Ils veulent ouvrir un musée du jeu vidéo près de Paris en 2026 : un collectionneur et un YouTubeur ont déjà récolté plus d’un million d’euros pour soutenir leur Projet Odyssée grâce à une campagne de financement participatif sur internet. Du sol au plafond d’un entrepôt qu’a pu visiter l’AFP dans les Bouches-du-Rhône, des étagères pleines à craquer recèlent la précieuse collection de Ludovic Charles, 49 ans : toutes les versions imaginables des consoles de Nintendo, Sega, Sony et Microsoft, ou encore l’Odyssey de l’américain Magnavox, sortie en 1972 et considérée comme la première au monde, qui a donné son nom au projet.
Ces plus de 2 200 consoles accumulées depuis une vingtaine d’années constituent l’«une des plus grosses collections au monde», estime M. Charles, qui a attiré l’attention à l’été 2022 en la mettant aux enchères sur un site de vente en ligne pour près d’un million d’euros. «Je n’avais plus envie de la stocker sur des étagères inutilement», raconte-t-il. «C’est la recherche qui m’intéressait mais l’esprit de la collection, le but ultime, c’était vraiment le musée, présenter tout ça de manière exhaustive».
L’annonce est remarquée par la communauté de Benoît Theveny alias Tev, un YouTubeur installé depuis plus d’une dizaine d’années à Tokyo, où il produit des vidéos sur le Japon et la culture geek pour les plus d’un million d’abonnés de sa chaîne Ici Japon, et les deux hommes commencent à discuter d’un projet commun.
«La philosophie, c’est de ne laisser personne de côté», glisse Tev, 43 ans, lors d’un entretien avec l’AFP dans son studio d’enregistrement à Tokyo.
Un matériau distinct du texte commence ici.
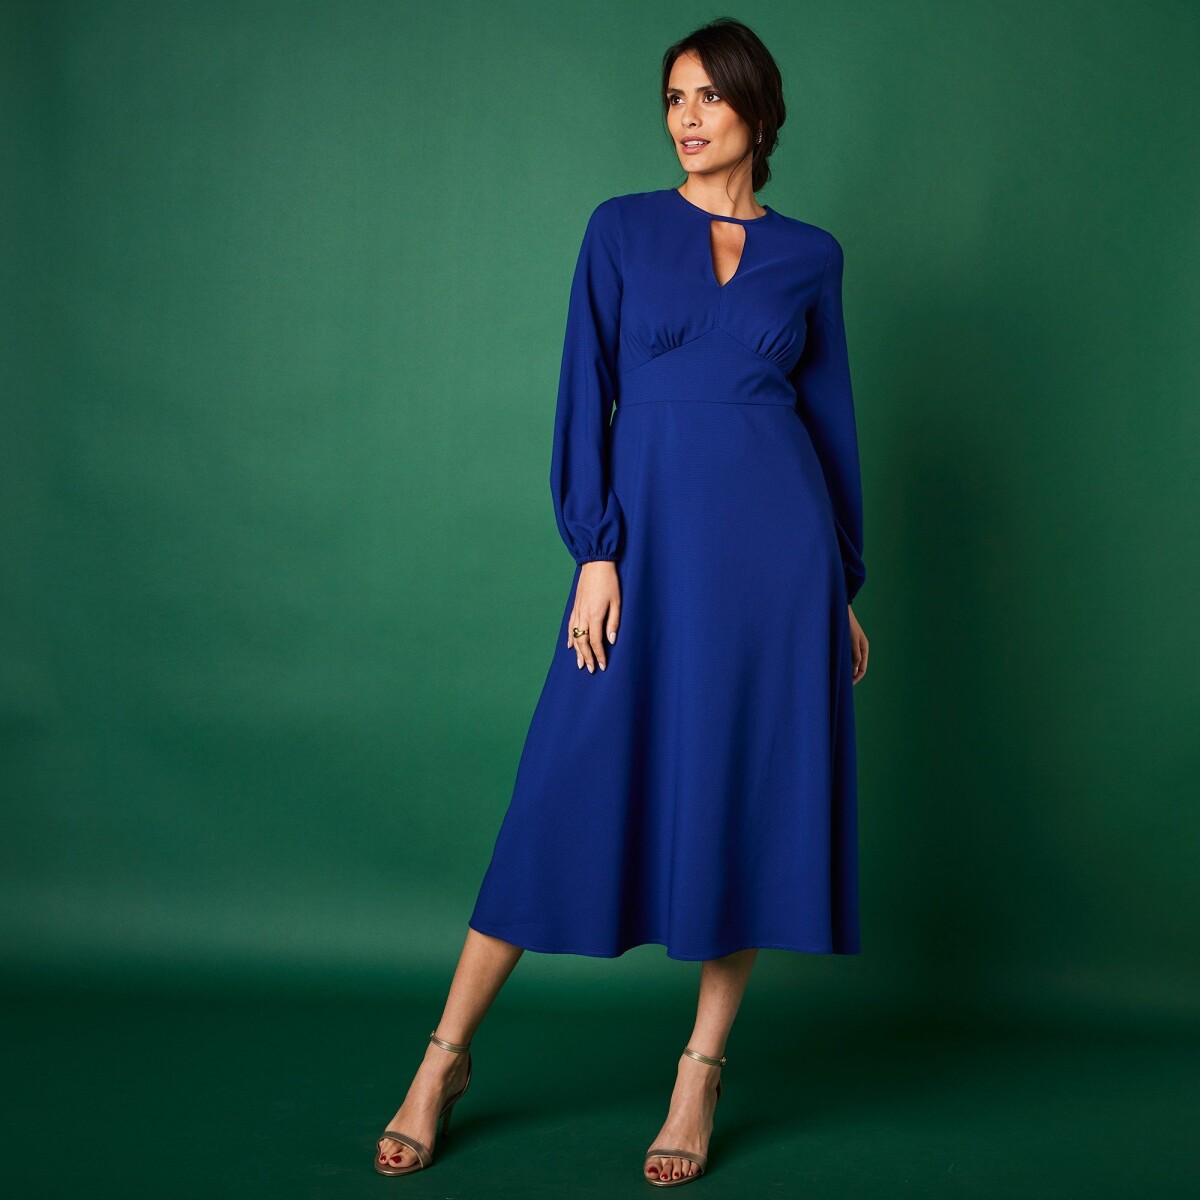 Blancheporte Polodlouhé jednobarevné šaty tmavě modrá 36

Il dit vouloir toucher autant «les enfants de trois ans qui jouent à “Minecraft” que les vieux de la vieille qui ont 50, 60 ans qui ont commencé sur les premiers “Pong”». Le jeu vidéo «est digne d’être dans un musée et d’être reconnu comme une culture à part entière et je pense qu’on est de plus en plus nombreux à être d’accord là-dessus», ajoute-t-il.
Restait à trouver un lieu d’accueil en France, où plusieurs tentatives similaires ont tourné court comme le Pixel Museum de Schiltigheim (Bas-Rhin), fermé en 2020 après trois ans d’activité, ou le Musée du jeu vidéo lancé en 2010 à l’Arche de la Défense près de Paris et qui a mis la clé sous la porte au bout de… dix jours.
«On a appris de ces tentatives», assure Benoît Theveny. «Pour que le projet fonctionne, il faut déjà avoir le soutien de la commune qui l’accueille, c’est notre plus gros atout par rapport aux autres». L’idée a immédiatement séduit la ville de Bussy-Saint-Georges (Seine-et-Marne), qui planchait de son côté pour attirer les visiteurs sur un «pôle ludique» de 80.000 m² autour de l’e-sport, auquel devrait s’intégrer le Projet Odyssée.
«Malheureusement, Bussy a un peu une réputation de ville-dortoir à mi-chemin entre Disneyland et Paris», explique Fabien Goupilleau, conseiller municipal de 34 ans de cette collectivité et abonné de la chaîne de Tev. «C’est une opportunité pour la ville», dit-il.
Les pères du projet pensent aussi que leur approche pragmatique garantira sa pérennité: «Je ne suis pas le plus grand collectionneur, le plus gros influenceur, le plus gros chef d’entreprise, mais je suis un petit peu de tout ça», glisse Benoît Theveny, dont l’entreprise, présente notamment dans l’e-commerce en plus de la création de contenus YouTube, emploie une quinzaine de personnes.
Tev a «une notoriété qui nous ouvre toutes les portes», souligne Ludovic Charles. Leur campagne de financement participatif, lancée le 20 septembre sur la plateforme KissKissBankBank, avait ainsi déjà recueilli près de 1,3 million d’euros mercredi, plus de 25 fois son objectif initial. Conscients que cette somme ne suffira pas à maintenir le musée ouvert, ils ont eu l’idée d’un «village japonais», selon les mots de Tev, qui partagera les 3 500 m2 dévolus au musée et regroupera commerces liés à la pop culture et restaurants, afin de financer le musée, dont ils espèrent voir la construction démarrer en 2025 pour une ouverture en 2026.
Malgré le succès de la campagne de financement, Benoît Theveny admet que, «quand un YouTubeur débarque avec un gros projet, ça peut faire peur». Alors, dit-il, «notre rôle, c’est de parler à tout le monde et d’expliquer que l’on cherche à s’entourer de tout le monde, même ceux qui ne seraient pas d’accord avec notre vision».